Didn’t wake up in time for Sunday’s early morning Republican debate? Here are some highlights you might not hear on the evening news:
CONCORD, N.H., Jan. 8, 2012 — New Hampshire residents are fewer than 48 hours away from voting in the first-in-the-nation Republican primary and candidates took to the stage this morning to debate for the last time before voting begins. This debate, sponsored by NBC’s “Meet the Press” and Facebook, was the second meeting of the candidates in just 10 hours and gave a chance to clear up any missteps from Saturday night’s ABC debate.
Gingrich introduces a new food group
Early into the debate, front-runner Mitt Romney took a jab at Newt Gingrich and the other candidates, saying he (Romney) wasn’t a career politician.

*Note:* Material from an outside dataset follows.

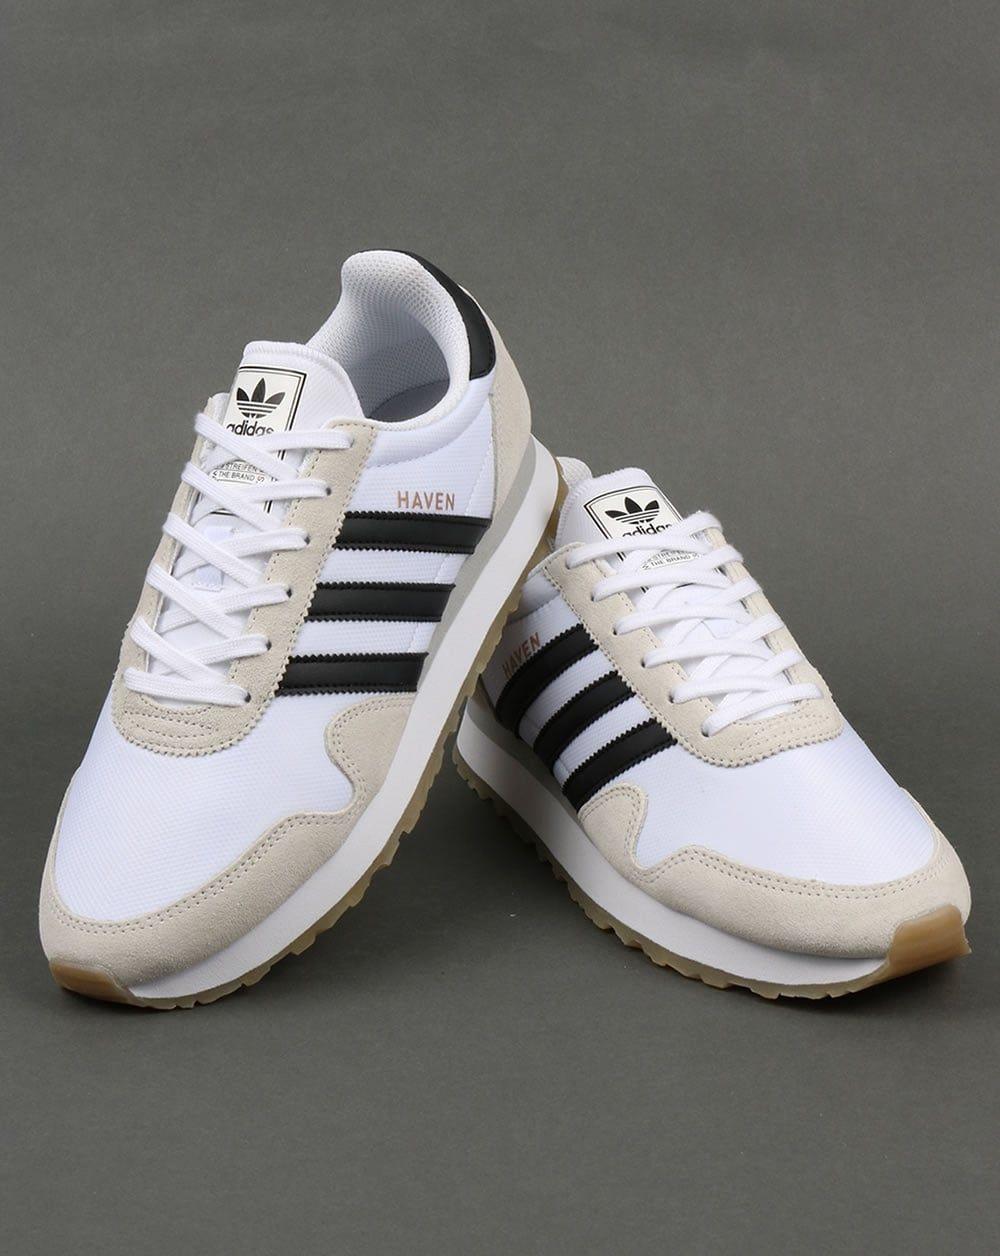 adidas haven trainers gum shoes mens

“I long for a day where instead of having people to go to Washington for 20 and 30 years who get elected and then when they lose office they stay there and make money as lobbyists or connecting to businesses,” Romney said.
Gingrich, given the chance to respond, jumped right in.
“Can we drop a little bit of the pious baloney?” he asked Romney.
The audience seemed to enjoy the jab and on Twitter, reporters and viewers alike repeated the one-liner. Even Romney wasn’t sure how to react to the notion of holy ham, looking surprised but maintaining that almost ever-present smile.
Rick Perry gets a re-do
Remember the infamous Rick Perry “oops moment” from a debate in early November when he was unable to come up with the names of the three agencies he would eliminate if elected.
Today, when asked if it was un-American for people to feel relieved when receiving government help, instead of answering that question, Perry wasted no time stating what agencies he’d remove — and this time, he got it right.
“Well, let me answer the question that you asked earlier,” Perry said referring to the November debate. “It would be those bureaucrats at Department of Commerce and Energy and Education that we’re gonna do away with.”
It seemed as if the audience and Perry let out a collective sigh of relief and laughter afterward.
For the record, he eventually did answer the question that was asked, saying that if there was more job creation, some people wouldn’t be as dependent on the government for help.
“You know, the fact of the matter is that Americans wanna have a job,” Perry said. ” And the idea that there are people clamoring for government to come and to give them assistance is just wrong headed.”
Huntsman on the hunt
Jon Huntsman, who in other debates has sometimes seemed passive or non-combative, finally found his voice.
Responding to Romney’s criticisms about Huntsman working for President Barack Obama as ambassador to China, the candidate said he was putting his country first while Romney was busy campaigning.
“He criticized me while he was out raising money for serving my country in China. Yes, under a Democrat. Like my two sons are doing in the United States Navy. They’re not asking who, what political affiliation the president is,” Huntsman said.
Romney countered, saying Huntsman should not represent the GOP after he served in the Obama administration, calling the president a “remarkable leader.”
Huntsman didn’t back down, though.
“This nation is divided …. because of attitudes like that,” he told moderator David Gregory. “The American people are tired of the partisan division. They have had enough.”
The audience applauded.
This was a Facebook debate? Really?
Sitting in the audience, it was hard to tell Facebook had anything to do with today’s debate.
During the 1.5 hour-long program, moderator Gregory asked only two questions that came from Facebook. One was proposed by Facebook user Heath Treat, which one blogger tweeted sounded like a porn star.
There was a Facebook page for the debate, which allowed users to pose questions real-time and discuss the debate, but what’s the point of posing questions if they aren’t going to be used?
It’s hard to know what impact this weekend’s debates will have on voters Tuesday. The latest Suffolk University Political Research Center poll shows 35 percent of voters leaning towards Romney. Paul is in second place at 20 percent and Huntsman is next, with 11 percent.